A promessa da “Abenomia”

TÓQUIO - O programa do primeiro-ministro japonês, Shinzo Abe, para a recuperação económica do seu país originou um aumento na confiança nacional. Mas até que ponto pode a “Abenomia” ser digna de crédito?

Curiosamente, um olhar atento sobre o desempenho do Japão durante a década passada dá pouca razão ao persistente sentimento baixista. Na verdade, em termos de crescimento do produto por cada trabalhador assalariado, o Japão tem feito um óptimo trabalho desde a viragem do século. Com uma mão-de-obra acanhada, o cálculo estandardizado para o Japão em 2012 - ou seja, antes da “Abenomia” - colocava o crescimento per trabalhador assalariado nos 3,08% ao ano. É um valor consideravelmente mais robusto do que o dos Estados Unidos, onde a produção por trabalhador cresceu apenas 0,37% no ano passado, e muito mais sólido do que o da Alemanha, onde diminuiu 0,25%.
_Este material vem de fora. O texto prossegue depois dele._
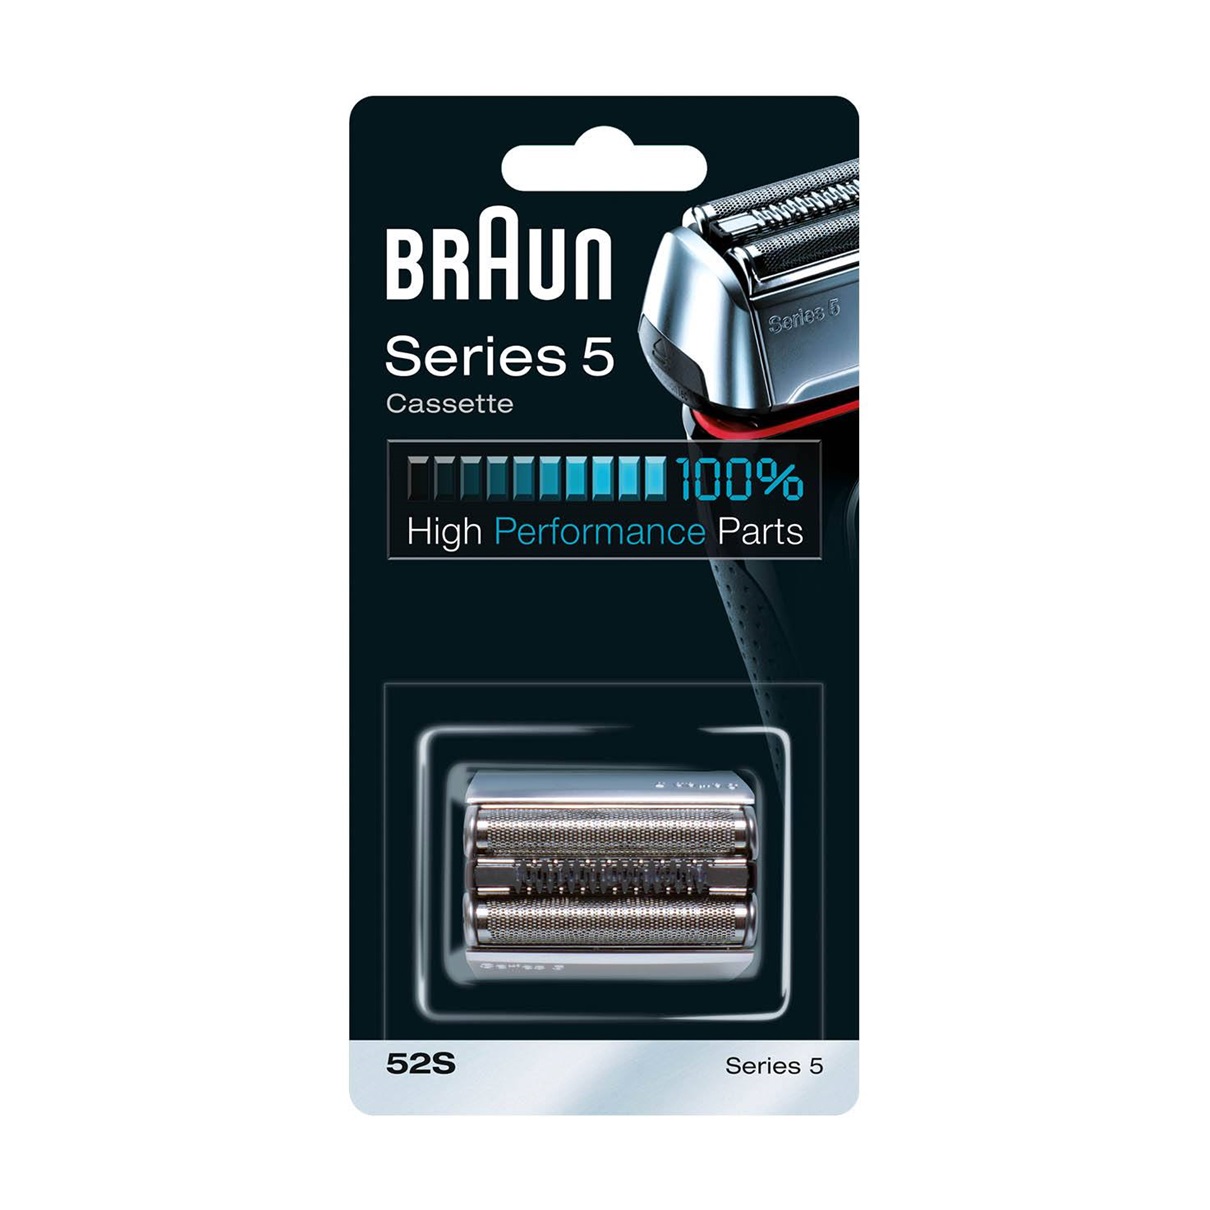 сетка и режущий блок для бритв braun 32s Сетка и режущий блок для бритв Braun 52S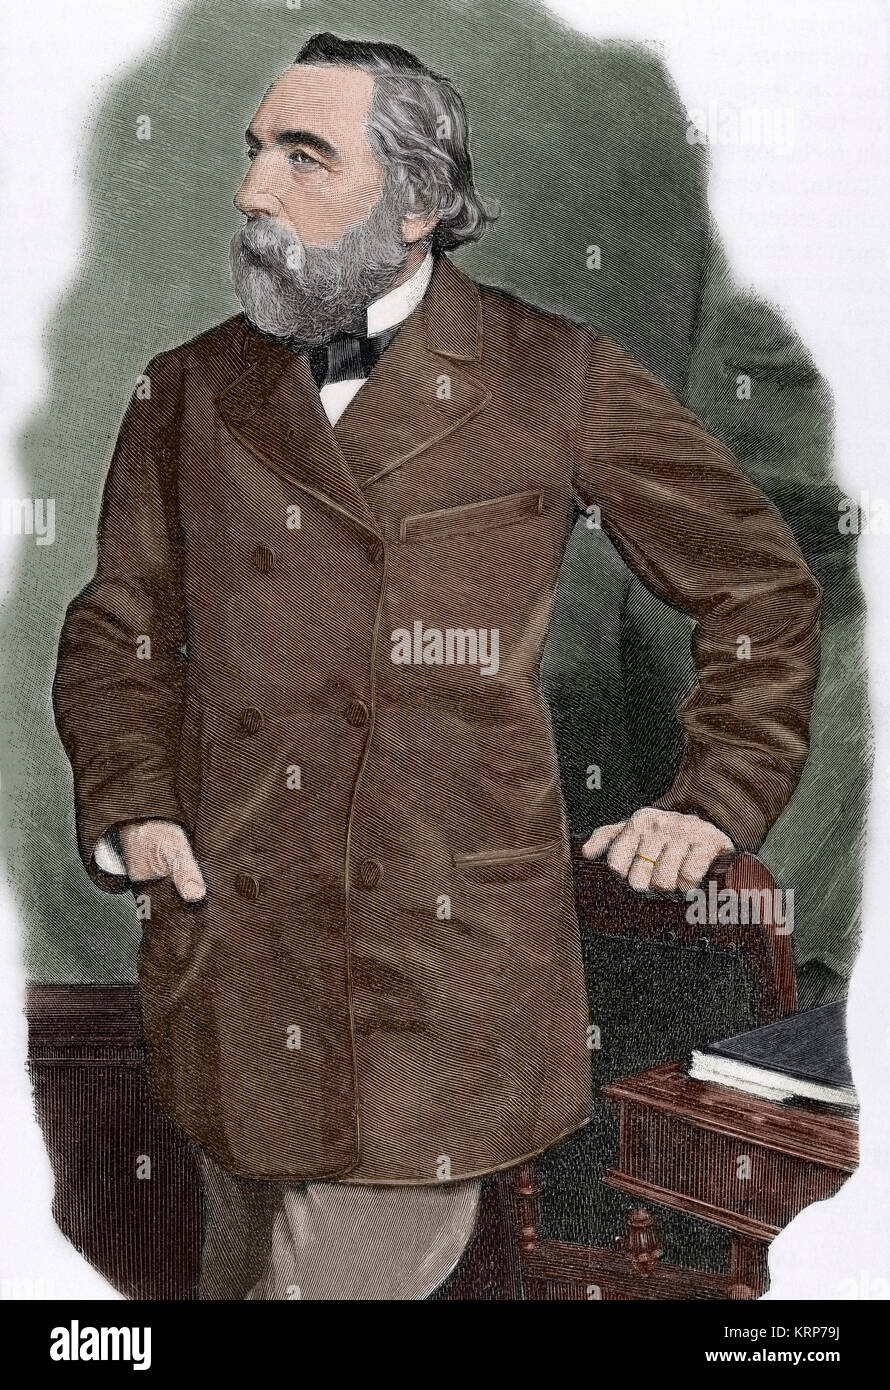 Ion Ghica (1816-1897). La révolution roumaine, mathématicien, diplomate et homme politique. Il a été Premier Ministre de la Roumanie 5 fois. Portrait. La gravure. De couleur. Banque D'Images

No entanto, e tal como muitos japoneses sentem de forma justa, a “Abenomia” só pode ajudar na recuperação do país. Abe está a fazer o que muitos economistas (inclusive eu) têm apelado na Europa e nos EUA: um programa abrangente que implique políticas monetárias, fiscais e estruturais. Abe compara esta abordagem ao acto de segurar três setas - se dominar uma de cada vez, podem-se dobrar, se dominar as três ao mesmo tempo, nenhuma dobra.